2. The hydro-voltaic device as claimed in claim 1, wherein the device has dimensions of length 30-80 mm X tubular diameter 8-15 mm X tube wall thickness of 1-2 mm.

3. The hydro-voltaic device as claimed in claim 1, wherein the first and second electrodes (111, 113) are connected along the length of the tubular structure (101).

4. The hydro-voltaic device as claimed in claim 1, wherein the barrier (117) includes a cotton ball.

5. The hydro-voltaic device as claimed in claim 1, wherein the device is configured to generate enhanced voltage on solar irradiation wherein the open top end is affixed with carbon cloth (119).

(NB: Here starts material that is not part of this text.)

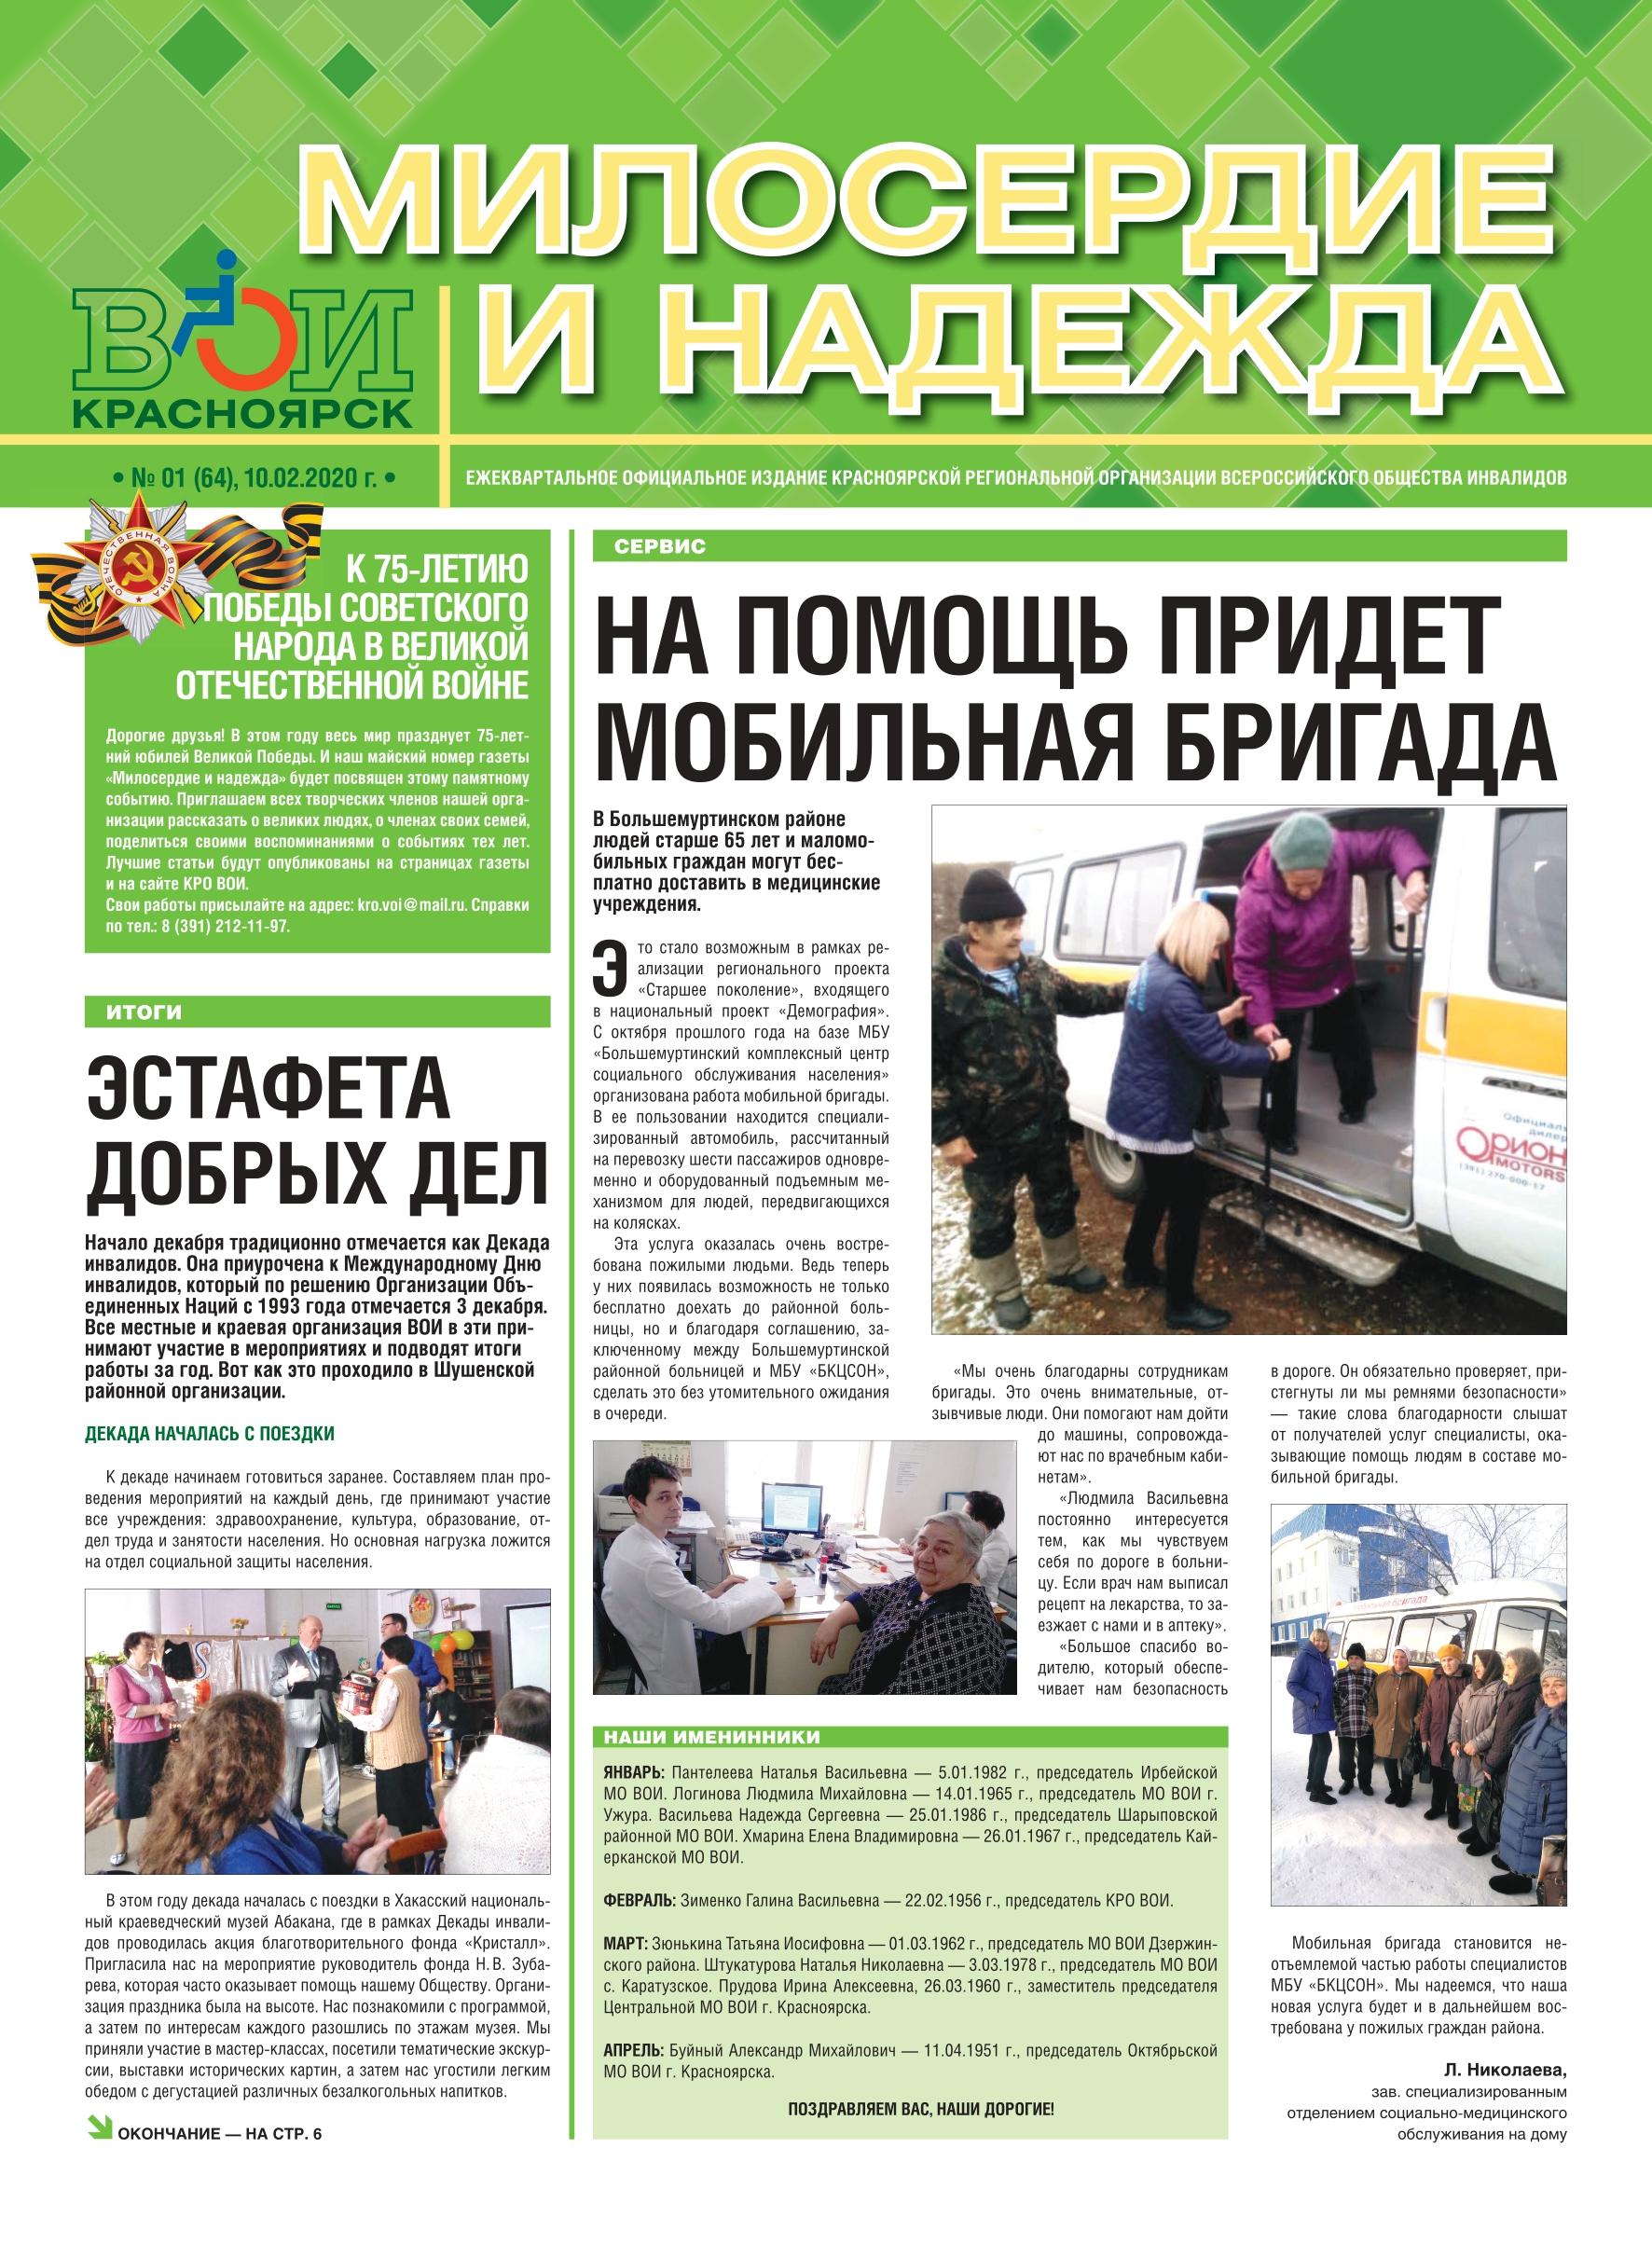 ГАЗЕТА «МИЛОСЕРДИЕ И НАДЕЖДА», ВЫПУСК №64
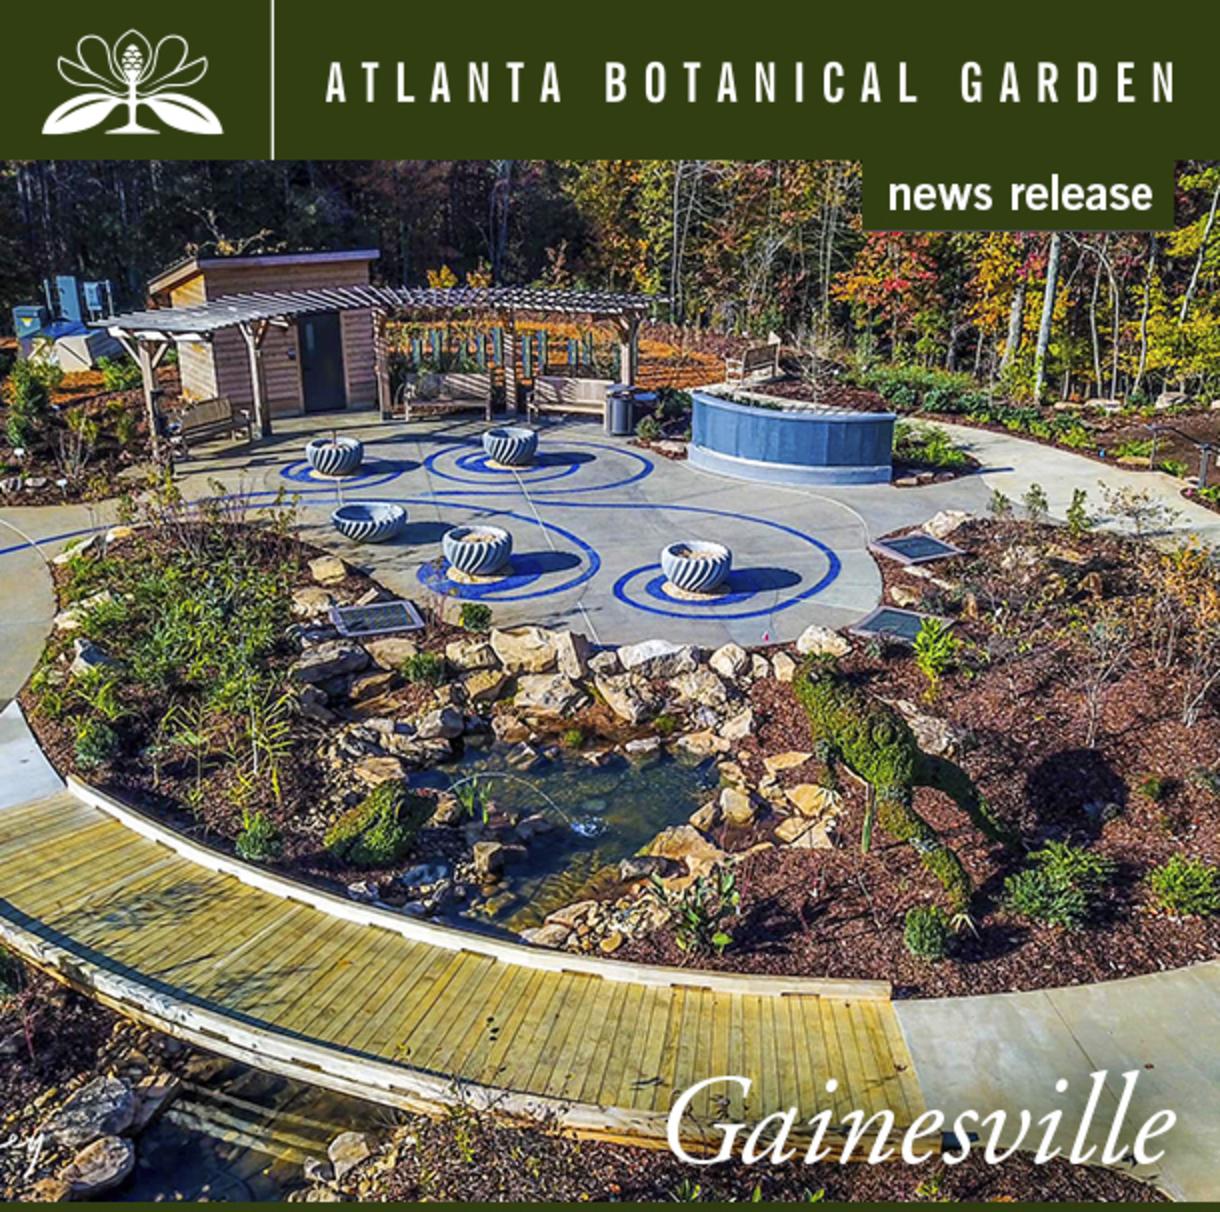 Children's Garden Atlanta Botanical Garden Gainesville

6. The hydro-voltaic device as claimed in claim 1, wherein the device is configured to generate enhanced voltage on exposing the open top end to hot air.

7. The hydro-voltaic device as claimed in claim 1, wherein the generated voltage is in a range 0.6V to 1V.

8. The hydro-voltaic device as claimed in claim 1, wherein the device (100) generates current in a range of 90- 95 µA.

9. A method (200) of fabricating a soil based hydro-voltaic device to generate voltage and current, the method comprising the steps of:
providing filtered soil (201) with a predetermined particle size;
providing a tubular structure (203) having electrodes at either end thereof and connected along the length;
packing the soil (205) along the length of the tubular structure;
placing the tubular structure in a reservoir (207) comprising an aqueous solution;
allowing the water to flow through the tubular structure (209) by capillary action; and
forming an electric double layer (211) at soil- aqueous solution interfaces, thereby generating voltage and causing flow of current across the ends of the tubular structure.

10. The method as claimed in claim 7, wherein the predetermined particle size of the soil is obtained by sieving with a filter having a mesh size of at least 0.6 mm.

11. The method as claimed in claim 7, wherein the predetermined particle size of the soil comprises a particle diameter size is in a range 150- 200 µm and the gap between the soil grains in a range 60-90 µm.

12. The method as claimed in claim 7, comprising the step of exposing the device to a light source to enhance the voltage generated.

13. The method as claimed in claim 7, comprising the step of exposing the device to hot air to enhance the voltage generated.

Dr V. SHANKAR
IN/PA-1733
For and on behalf of the Applicants